La législation sur le don d’organes post-mortem, qui avait fait l’objet d’un amendement très controversé au cours de la discussion parlementaire du projet de loi Santé, n’est finalement pas modifiée dans la version que le Sénat vient d’adopter, au cours d’un vote solennel sur l’ensemble du texte ce 6 octobre (1).
Selon le texte actuel, le don d’organes repose sur le principe du « consentement présumé » de la personne décédée, sauf si elle avait auparavant refusé explicitement. Dans la pratique, il suffit qu’un des membres de la famille s’y oppose pour que les médecins ne fassent pas de prélèvement.
Lors de l’examen du projet de loi à l’Assemblée nationale, le professeur Jean-Louis Touraine avait fait adopter en Commission des affaires sociales, le 19 mars dernier, un amendement qui avait considérablement durci le dispositif : il ne laissait que le registre national comme mode exclusif d’expression du refus. Il visait également à exclure les proches de la consultation préalable, leur consentement n’étant plus nécessaire (article 46 ter).
Compte tenu des nombreuses critiques qui s’étaient exprimées à la suite de ce vote, aux députés, le gouvernement a présenté un autre amendement lors de la discussion en séance publique le 14 avril 2015. Cet amendement atténuait un peu le dispositif, l’inscription sur le registre national n’étant plus le mode exclusif pour exprimer son refus d’un prélèvement. Mais il maintenait l’idée que les proches ne seraient plus qu’informés de la décision des médecins.
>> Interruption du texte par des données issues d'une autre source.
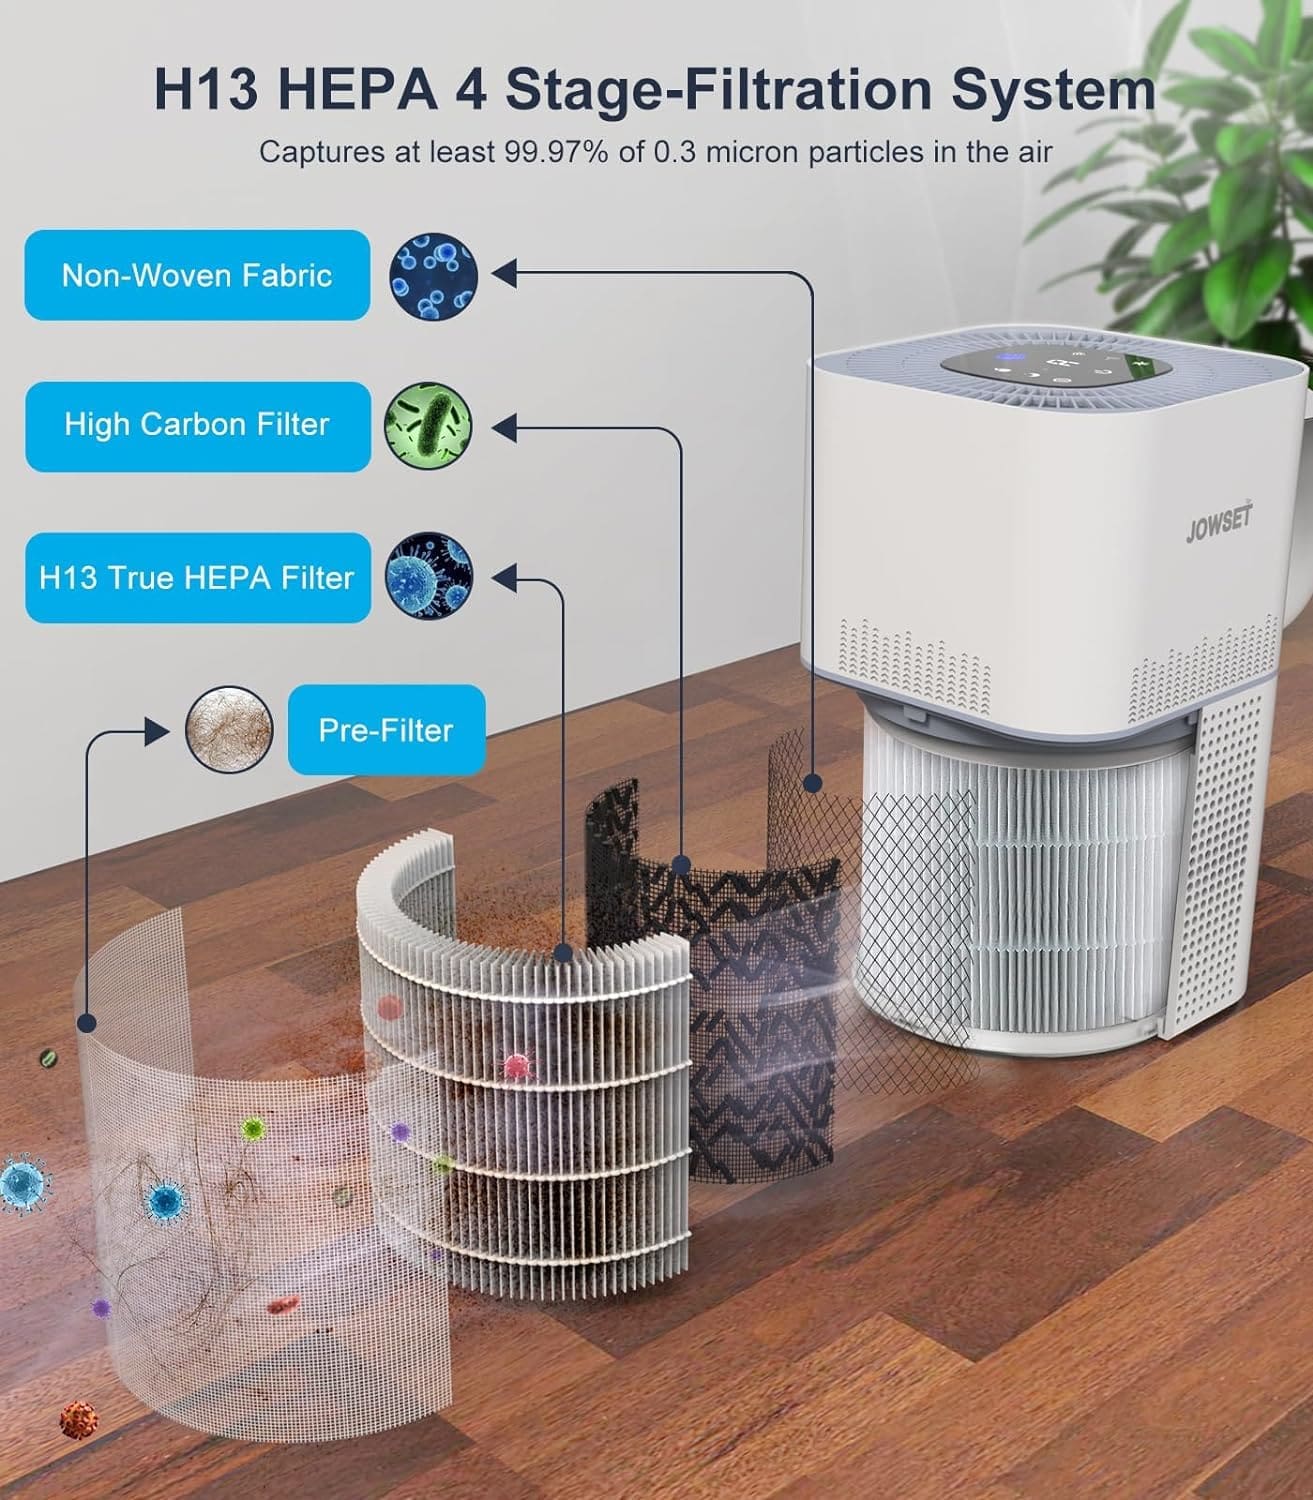 jowset smart wi fi air purifier review

Le mercredi 22 juillet 2015, la commission des affaires sociales du Sénat avait supprimé cette disposition, malgré l’opposition de la ministre Marisol Touraine. Les rapporteurs avaient justifié leur position en rappelant que « le caractère sensible des sujets de bioéthique justifie que les évolutions législatives en la matière fassent l’objet de larges consultations préalables dans un climat serein. C’est pourquoi la loi de bioéthique prévoit un réexamen périodique qui doit avoir lieu avant 2018 à la suite de la convocation des états-généraux de la bioéthique ».
Or, en séance publique au Sénat le 29 septembre, le Gouvernement a essayé de réintroduire à nouveau cet amendement (n°1258), qui fit donc l’objet d’une discussion approfondie. Dans sa formulation, cet amendement dispose que « le médecin informe les proches du défunt, préalablement au prélèvement envisagé, de sa nature et de sa finalité, conformément aux bonnes pratiques arrêtées par le ministre chargé de la santé sur proposition de l’Agence de la biomédecine. Ce prélèvement peut être pratiqué sur une personne majeure dès lors qu’elle n’a pas fait connaître, de son vivant, son refus d’un tel prélèvement, principalement par l’inscription sur un registre national automatisé prévu à cet effet. Ce refus est révocable à tout moment. »
Des enjeux éthiques y apparaissent clairement.
Pour le député Jean-Baptiste Lemoyne, « l’amendement prévoit simplement que le médecin informe les proches du défunt. Il y a là un glissement sémantique qui n’est tout de même pas neutre »; et pour René Danesi, cet amendement « ressemble tout de même à une « nationalisation » des corps des défunts. Certes, c’est la solution la plus rapide, la plus facile à mettre en œuvre et la plus efficace, mais elle me paraît moralement indéfendable, car le choix de donner ou pas ses organes doit être personnel, libre et, surtout, éclairé. »
Sur la question du consentement présumé du don d’organes, le député Dominique de Legge a soulevé cette question : « Un consentement au don peut-il être présumé ? Pour moi, un acte de cette nature relève par définition d’une décision volontaire, clairement exprimée et positive. Un don qui serait subi ne me semble plus être un don. »
Pour Tugdual Derville, délégué général d’Alliance VITA, « la suppression de l’amendement de M. Touraine va dans le bon sens. Les règles qui entourent le don d’organes ne peuvent être modifiées que dans le cadre des révisions de loi de bioéthique qui prévoit au préalable la consultation de la population et des professionnels. C’est parce que le don d’organes reste un acte libre et généreux, qui sauve de nombreuses vies – à ce titre, il doit être encouragé – qu’’il est particulièrement dangereux de le présenter comme un processus quasi automatique ».
(1) Une commission mixte paritaire se réunira dans les prochaines semaines pour chercher à harmoniser les positions entre députés et sénateurs sur tous les sujets controversés de cette loi Santé, avant un dernier examen prévu dans chaque Chambre avant la fin de l’année civile.